薛瑞兒望向那夜空上懸挂的冷月,唇角輕勾起一抹明媚,耀眼至極的笑容:「去一個可以成就我的地方,一個可以讓我不再軟弱可欺,可以讓我大放異彩的地方。」
一夜的狂熱,將近天明才退去。
在二人睡得正熟的時候,卻被一陣敲門聲給吵醒了。
赫連寒雲抬手撫著疼痛欲裂的額頭,似是非常疲勞的坐了起來:「什麼事?」
門外的清英聽著屋裡傳來的聲音,雖然聽著低沉沙啞,還略顯疲勞。不過,也確實是王爺的聲音。他略帶焦慮的聲音,恭敬的回道:「回王爺!聶姬她和薛姬……昨晚好像被人劫走了。」
「什麼?」赫連寒雲一聽之下,便準備掀開被子,立即起床更衣:「清英,傳令下去!立刻……」
「不用追了,她們早就走遠了。」柳綺琴略顯慵懶的聲音,在赫連寒雲身側響起。
赫連寒雲望著身側那如花般嬌美的人兒,唇角正勾著淺淡的笑意。一雙盈水的眸子,被晨光照得有些朦朧。他望著她好久,才想起昨晚這小女子的異常,以及她居然還敢對他下藥?

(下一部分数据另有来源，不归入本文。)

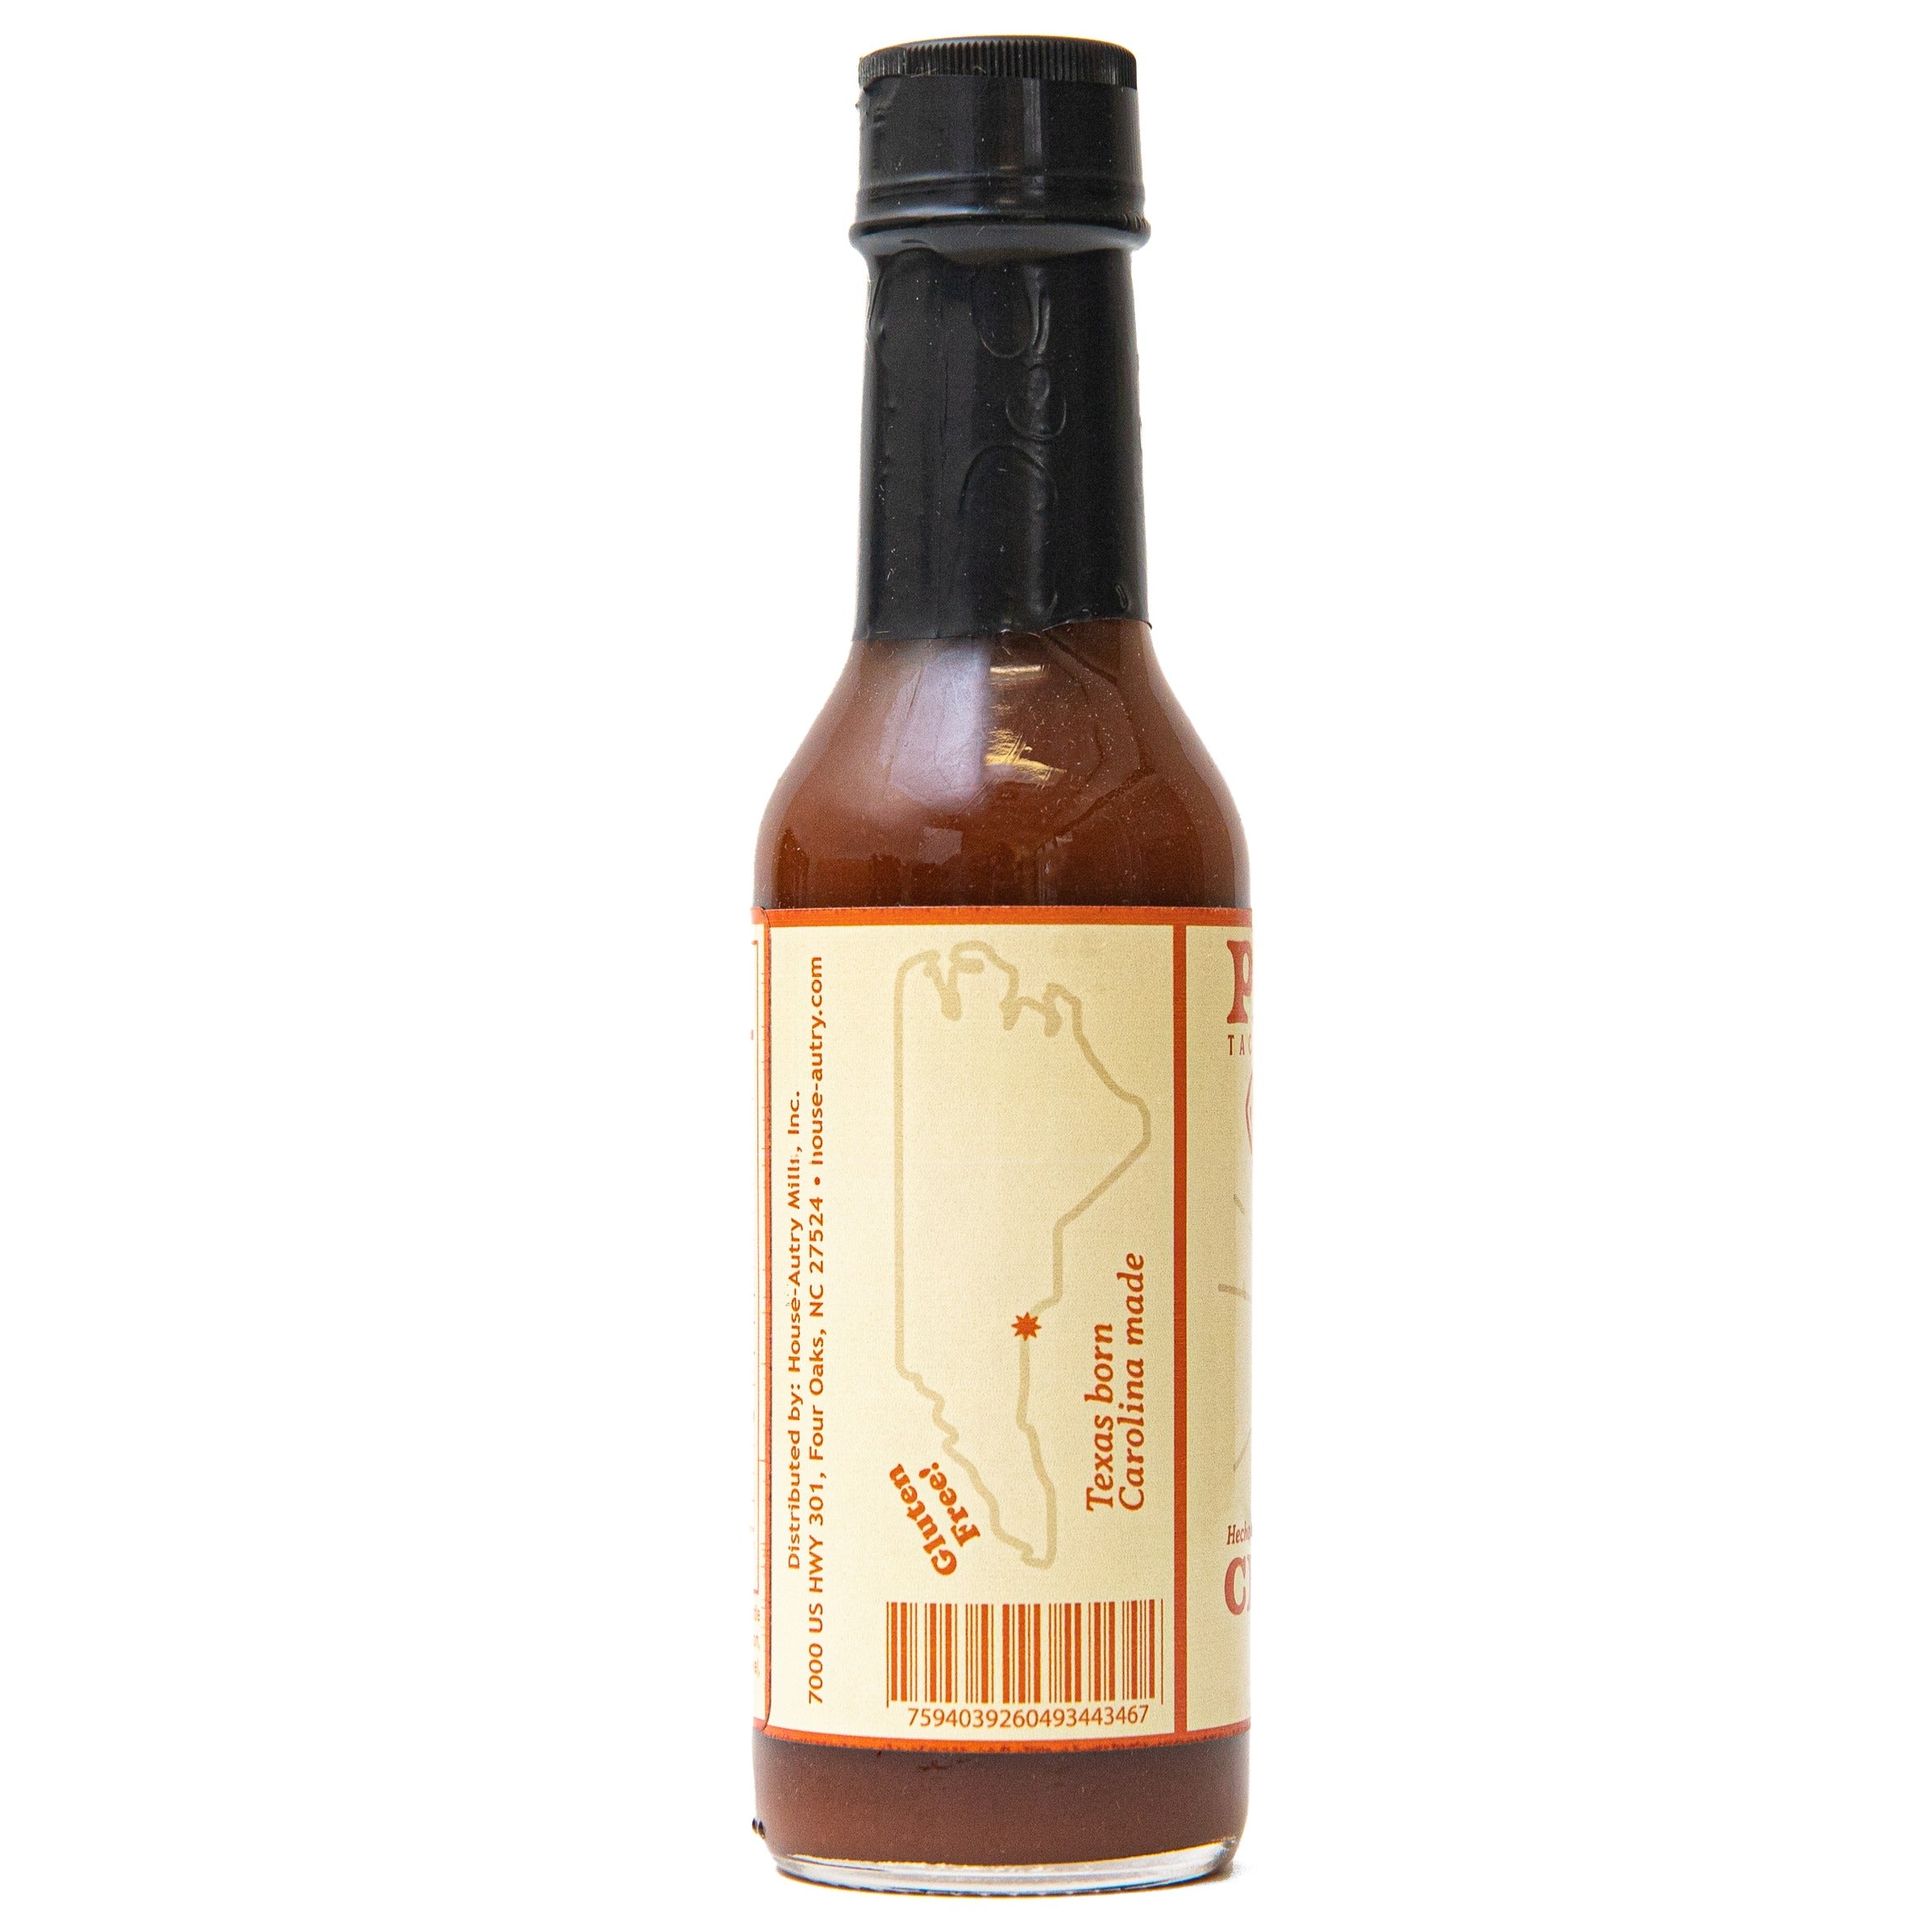 Paco's Chipotle Sauce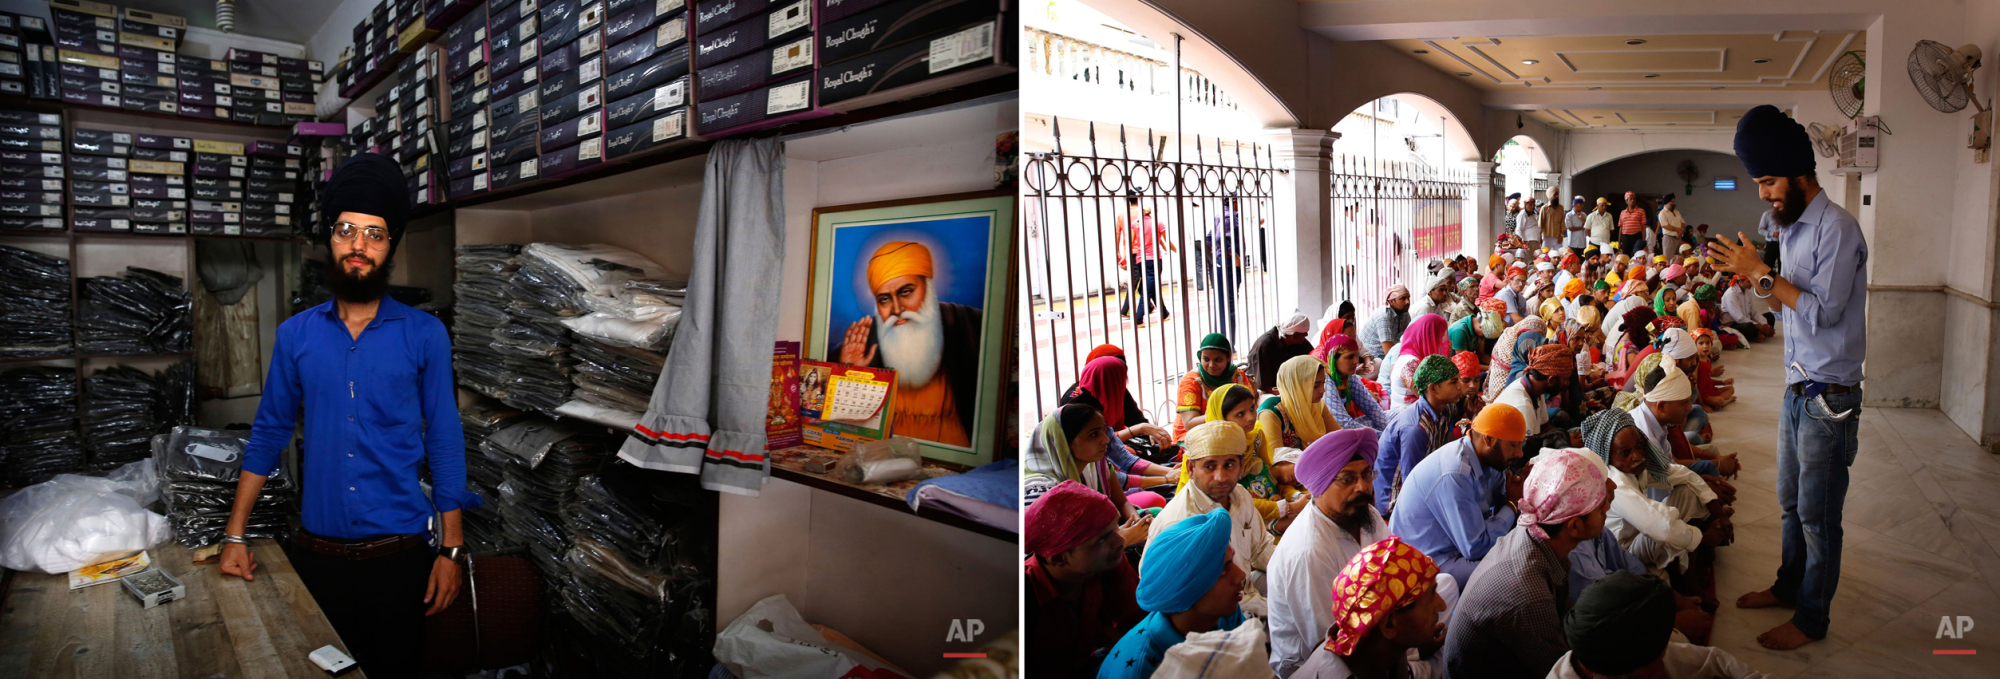  This two picture combo shows on left, Darshan Singh, 24, a garments store owner, poses for photos inside his store in New Delhi, India, on June 1, 2015, as on right, he sings religious prayers for devotees before the start of langar, or free communi

柳綺琴半坐起身子,任薄被滑落,任身前美景盡展顯。她眸光清涼如水,好似剛才那嬌媚的慵懶美人兒,只是他人看到的一瞬虛幻而已!如花般嬌嫩的唇微啟,淡淡的聲音,平靜的說了句:「人是我放的。」
赫連寒雲那雙華艷清貴的鳳眸里,在聽到她那句話后,波濤暗涌,最後歸於平靜。淡色的唇微啟,淡冷的吐出兩個字:「理由?」
柳綺琴身子靠近她,抬起那隻柔嫩白皙的纖纖玉手,輕撫上他如玉的容顏。指尖輕描繪著他的唇,笑的異常純真無邪道:「我說要幫你,可你偏不讓。如我不斬斷你最後一絲路,你又怎會容許我來幫你呢?寒,聶芳兒她不知道他在哪裡。就算你嚴刑逼供聶芳兒,也還是問不出天聖金令的下落的。」
赫連寒雲深邃幽冷的眸光里,閃過一絲薄怒:「告訴我,你到底要做什麼?」
柳綺琴並沒有在意赫連寒雲冰冷的語氣,她只是凝望著他那雙含著薄怒的漂亮鳳眸。盈水的眸子里,閃過一絲悲傷。粉柔的唇微啟,說出的話冷淡且委屈:「你還是在懷疑我,對嗎?要怎樣,你才肯相信我,我不是他派來的人呢?寒,你應該相信我的。」
赫連寒雲低頭望著那她張如花似玉的臉,銳冷的鳳眸,直望進她那雙清澈如水的眸子里。他淡色的唇微揚,揚起一抹冰冷的笑意:「信你?信你將我逼上了死路?信你放走了那唯一的線索人?柳綺琴,你的心當真是冰做的。無論我對你再好,都比不了你和他的血脈至親。」
啪!柳綺琴揚手一巴掌,狠狠地打在了那張清冷的玉顏之上。她眸光清冷含痛的望著那垂首的絕艷風華男子,有那抹一瞬,她想就此離開,再也不要管這個不識好歹的臭小子的生死了。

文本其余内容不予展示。